45. Cirri

Chapter 45

Cirri

I added another line in my journal, making my letters tiny and neat.

It was more of a way to distract myself than anything else; if I focused only on the lines, on the faintness of the ink I had never refilled and the scratch of the nib on paper, then I could ignore the high cackles and snarls outside my window, the crack of bones broken open for marrow, the nauseating stench of rotting meat and unburied offal.

Tears shed in love,

To water the petals of the Mother.

Hakkon had allowed me to keep my journal and the ritual book—a busy lamb was a content lamb, he’d told me as he brought a plate of breakfast the next day.

I’d looked at the rough bread, the grayish meat floating in an oily slick of gravy, and my stomach turned over.

He assured me it was pork. I didn’t believe him.

My stomach grumbled as I checked my last translation, though it was growing quieter, my gut tight with pain.
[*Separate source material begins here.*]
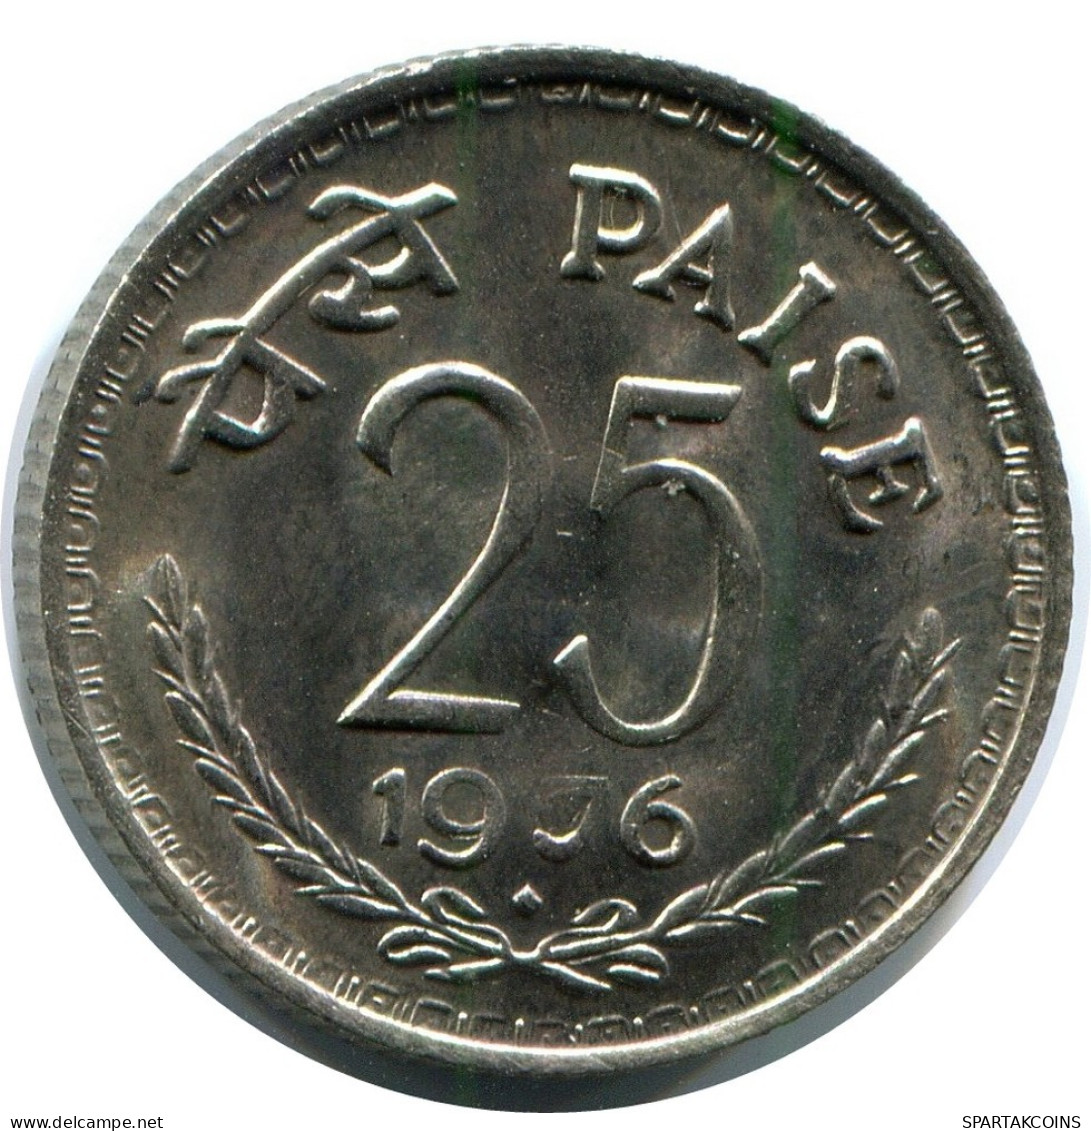 25 PIASE 1976 INDIEN INDIA Münze #AZ184.D.A - India

I’d given in to temptation and eaten a few small bites of the toffee from Miro, but then I thought of him as I chewed, those few flashes I retained from our first night in Foria, and I knew I would never be able to taste it again without thinking of that.
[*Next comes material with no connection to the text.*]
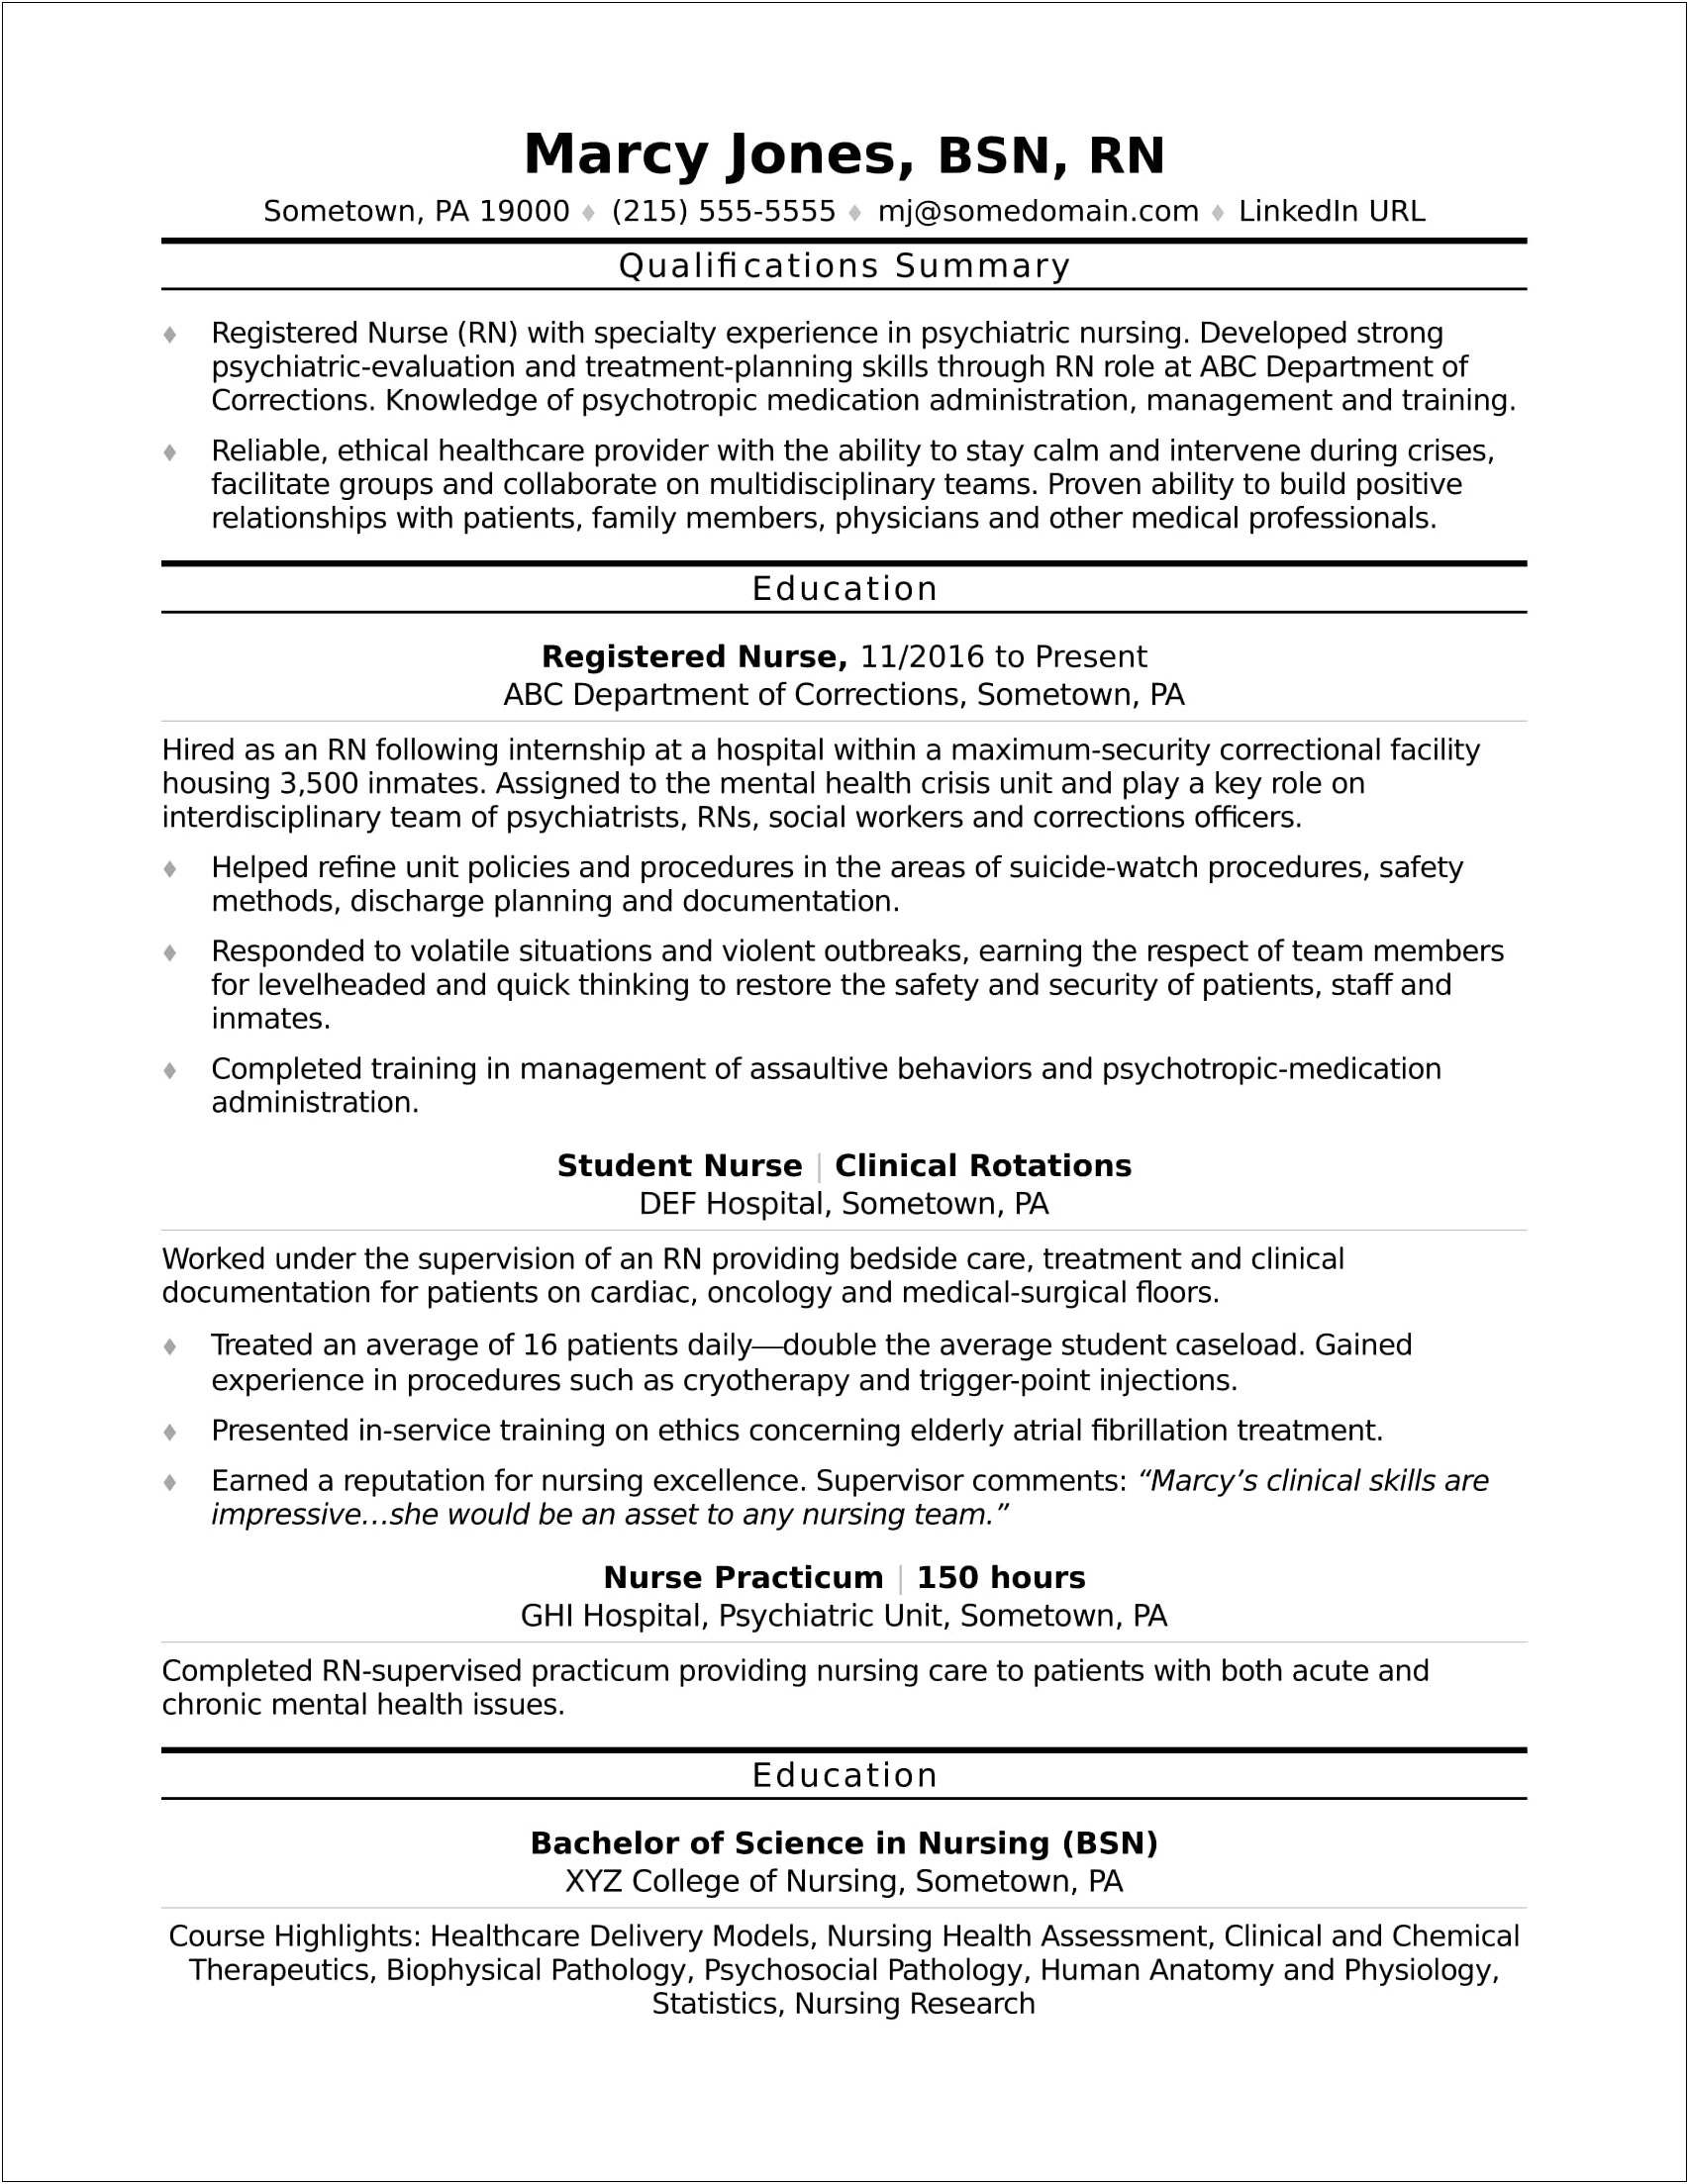 Resume For Applying To Nursing School

Most of my memories were mercifully blank when I considered his mutation. I thought that perhaps my mind had emptied itself in one agonizing flash—an open, infected wound, purging itself to save the rest of the body.

I wasn’t sure how long I’d been here. Perhaps two days, but my sense of everything was wrong.

Exhaustion made my eyes bleary and sore, my head spinning when I stood up. The whole world seemed to tilt around me at times, and would snap back into place in a blink.

It was impossible to sleep. During the day, some of the wargs became people. They did… well, people things, cooking in vast pots over campfires, crouching around the fires and speaking in low voices. But the smell from the pots and the middens was thick and rank enough to drag me from sleep, and the guards would come in three times a day anyway, bringing me more plates of food doomed to be wasted.

And at night… the wargs came out at night. Their high voices and howls would drift through the window, and just knowing they were out there, creeping around in the shadows, kept me wide awake and staring at the ceiling. The terror was constant, gnawing at my bones.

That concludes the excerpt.